Zur teilweisen Behebung dieses Notstandes beantragen wir zu § 4 a die Hinzufügung eines zweiten Absatzes. Unseren ursprünglichen Antrag auf Umdruck Nr. 95 ziehen wir zugunsten eines interfraktionellen Antrags zurück, der dem Sinne nach das gleiche will, aber konkreter zum Ausdruck bringt, wer Spätheimkehrer ist. Ich möchte Sie bitten, diesen Antrag, der folgenden Wortlaut hat, anzunehmen:
Der Bundestag wolle beschließen:
Der § 4 a in dem Gesetzentwurf Drucksache Nr. 1987 wird in der vorgelegten Fassung Abs. 1. Dem § 4 a wird ein neuer Abs. 2 mit folgender Fassung eingefügt:
Heimatvertriebene Heimkehrer, die nach § 9 des Heimkehrergesetzes vom 19. Juni 1950 (BGBl. S. 221) bevorzugt in freie Arbeitsstellen zu vermitteln sind, haben auch Anspruch auf bevorzugte Berücksichtigung bei der Umsiedlung.
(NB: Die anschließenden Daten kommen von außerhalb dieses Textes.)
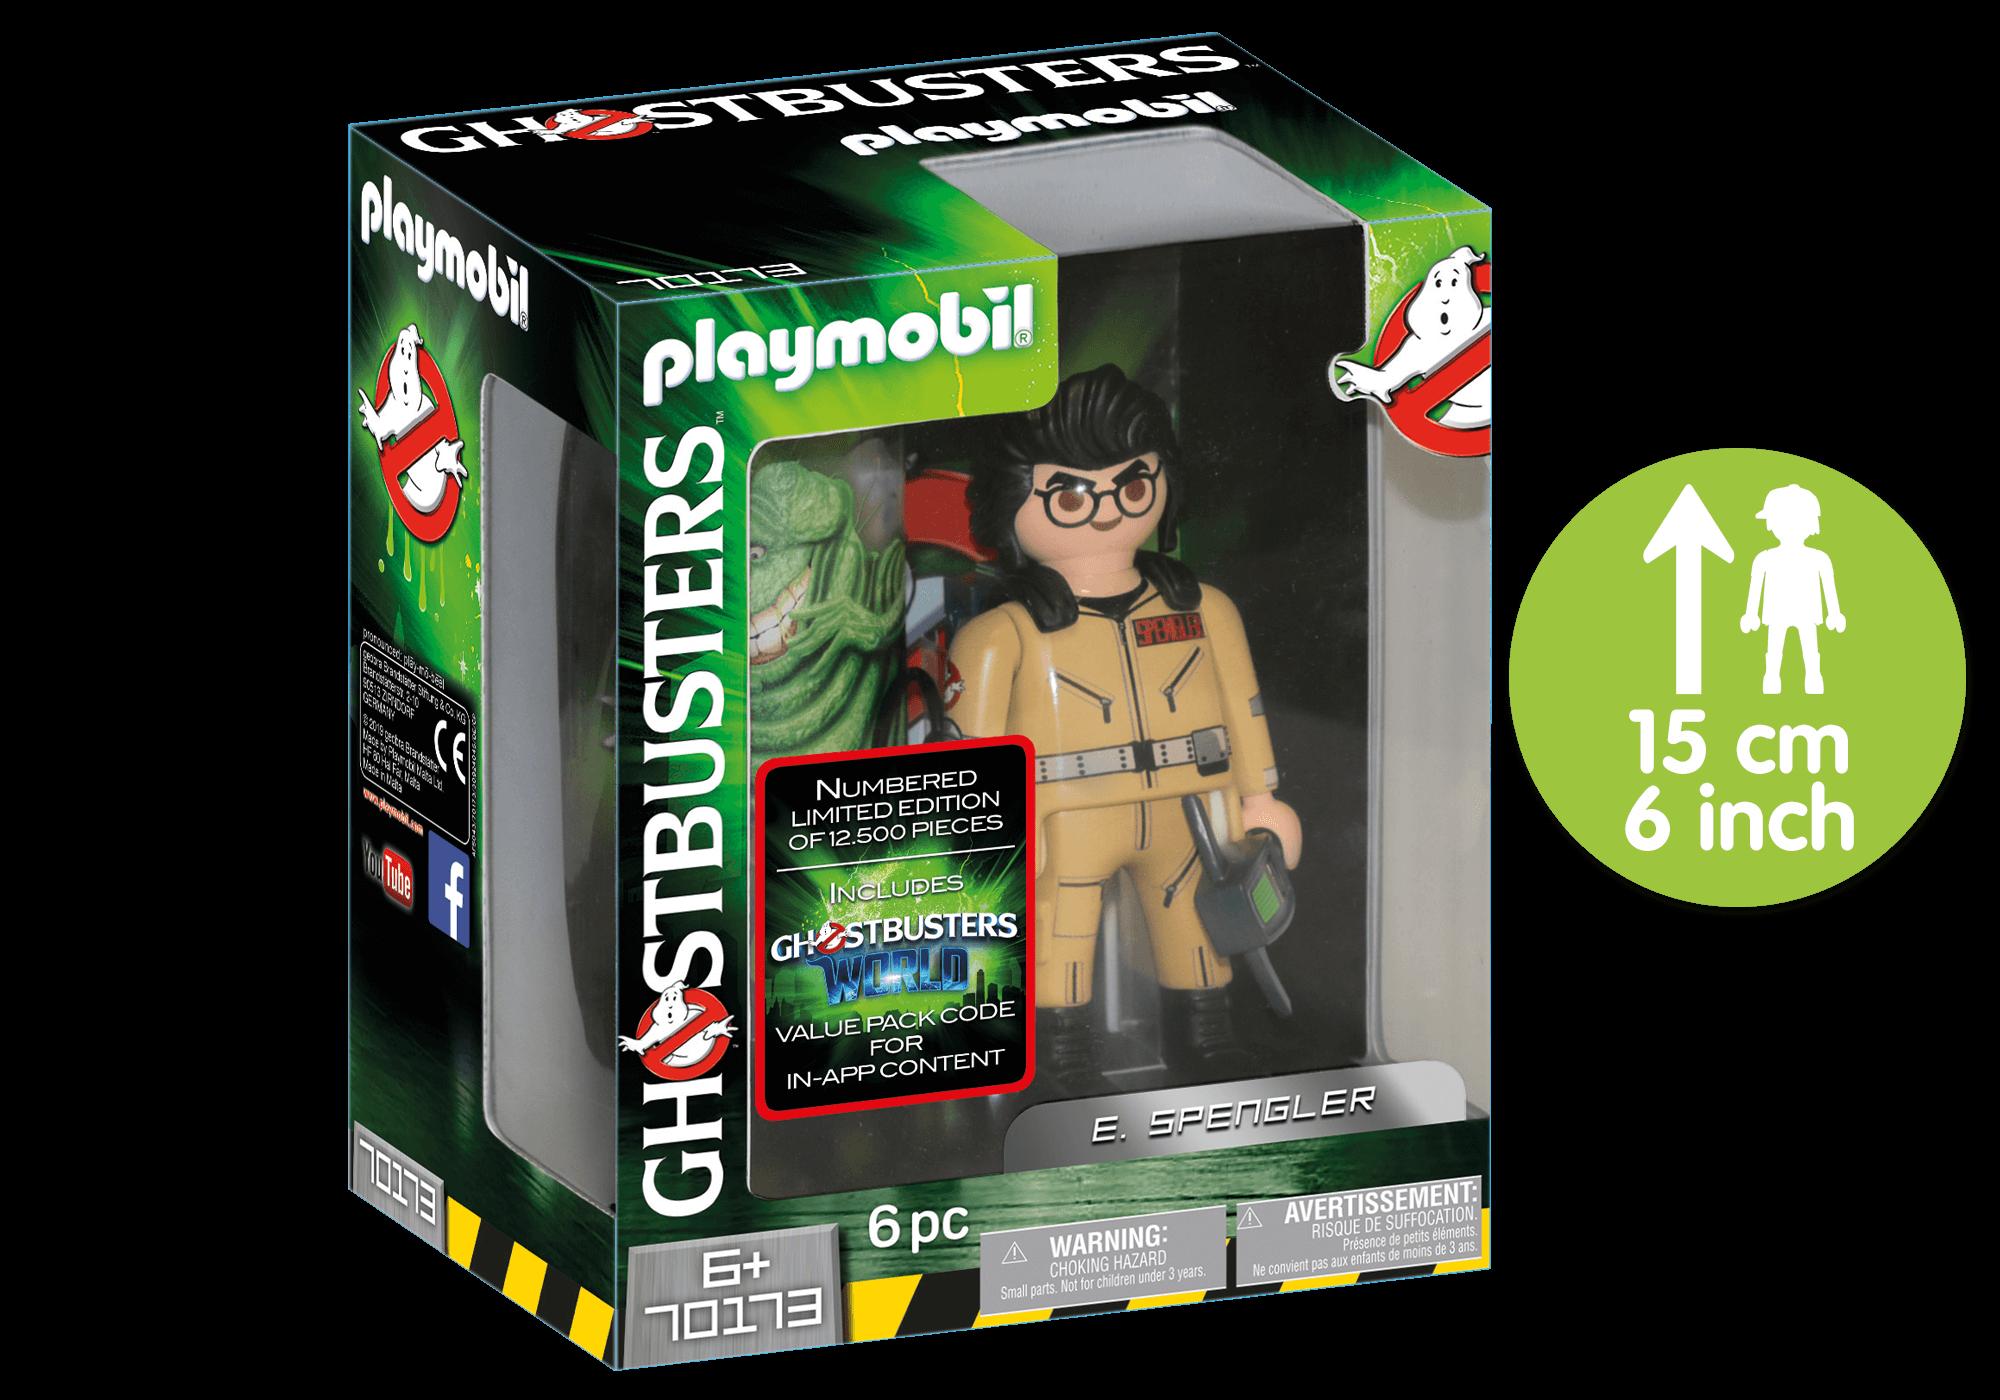 http://media.playmobil.com/i/playmobil/70173_product_detail/Ghostbusters™ Figurka do kolekcjonowania E. Spengler
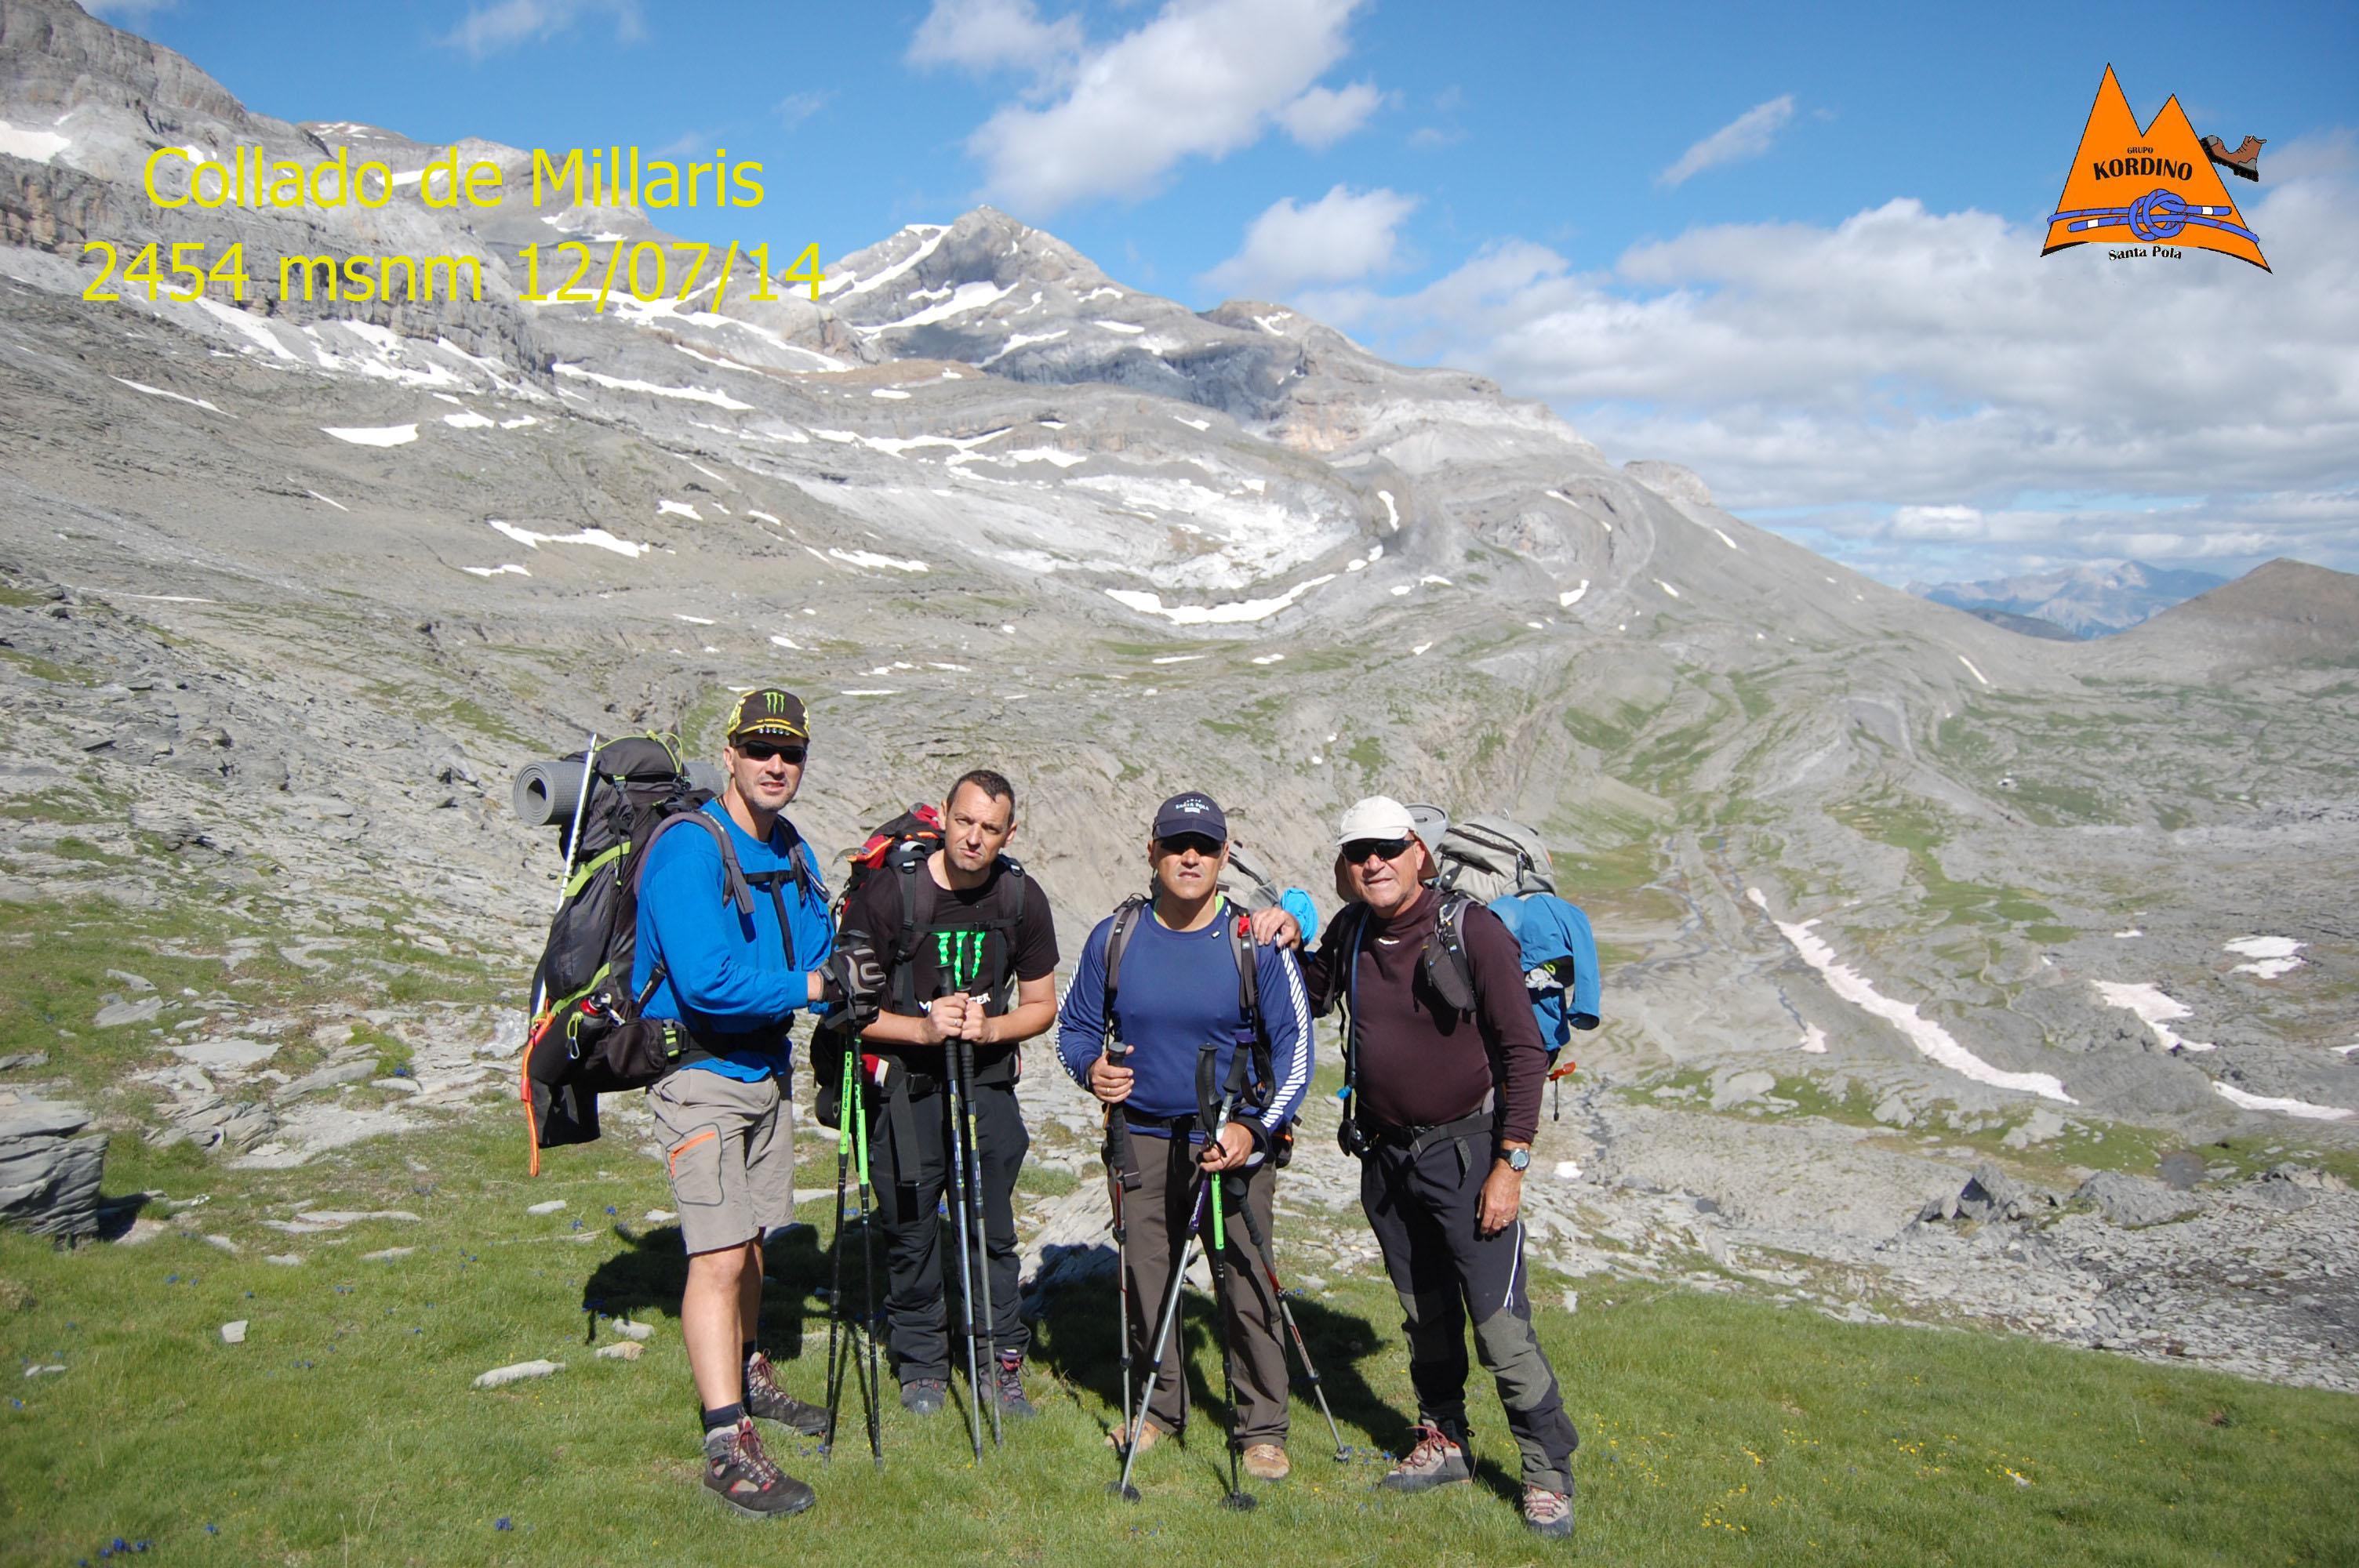 Collado Millaris 2454 msnm copia

Das war unser erstes Anliegen, während das zweite die Evakuierten betrifft. Daß dieses Problem in den Ausschußberatungen über das Umsiedlungsgesetz einer eingehenden Prüfung unterzogen wurde, haben Sie bereits aus den Ausführungen des Berichterstatters gehört. Der Ausschuß für innere Verwaltung wollte, daß in die Gesamtzahl der nach diesem Gesetz Umzusiedelnden eine Quote von 10 % Evakuierter aufgenommen wird. Wir haben volles Verständnis für das dringende Verlangen der Evakuierten, in ihre alte Heimat zurückzukehren, aber der bestehende Wohnraummangel hat dieses Verlangen bis heute nicht Wirklichkeit werden lassen. Trotz unseres zum Ausdruck gebrachten Verständnisses für die Wünsche der Evakuierten bitten wir Sie, dem Verlangen des Ausschusses für innere Verwaltung nicht zuzustimmen; denn es handelt sich hier um zwei wesentlich verschieden gelagerte Probleme, und wir möchten diese an und für sich dringende Aktion nicht mit dem Umsiedlungsgesetz ver-
knüpft sehen. In den meisten Fällen der Umsiedlung von Evakuierten geht es darum, daß Maßnahmen innerhalb des eigenen Landes zu treffen sind. Nur in den angrenzenden Gebieten der Hansestädte und im westlichen Niedersachsen — zum Teil auch in Bayern — wird diese Aktion die Landesgrenzen überschneiden.
Wir vertreten den Standpunkt, daß bei der Bereitstellung von Bundesmitteln für den sozialen Wohnungsbau zweckgebundene Beträge für die Brennpunkte aufgewandt werden müssen, die vordringlich für die Rücksiedlung von Evakuierten in Frage kommen, um dadurch den entsprechenden Wohnraum zu beschaffen, so daß auch für die Evakuierten die Rückführung in die zerstörten Großstädte ermöglicht wird. Durch eine solche Maßnahme wäre auch auf dem Wohnungsmarkt eine wesentliche Erleichterung für die angrenzenden Gebiete der Hansestädte und der stark belegten Abgabeländer zu erreichen.
Diese grundsätzliche Feststellung der für die Evakuierten erforderlichen Hilfsmaßnahmen soll eine Voranmeldung für zeitgerecht einzubringende Anträge meiner politischen Freunde sein. In der Angelegenheit der Umsiedlung der heimatvertriebenen Spätheimkehrer bitte ich Sie nunmehr, dem interfraktionellen Antrag Ihre Zustimmung nicht zu versagen.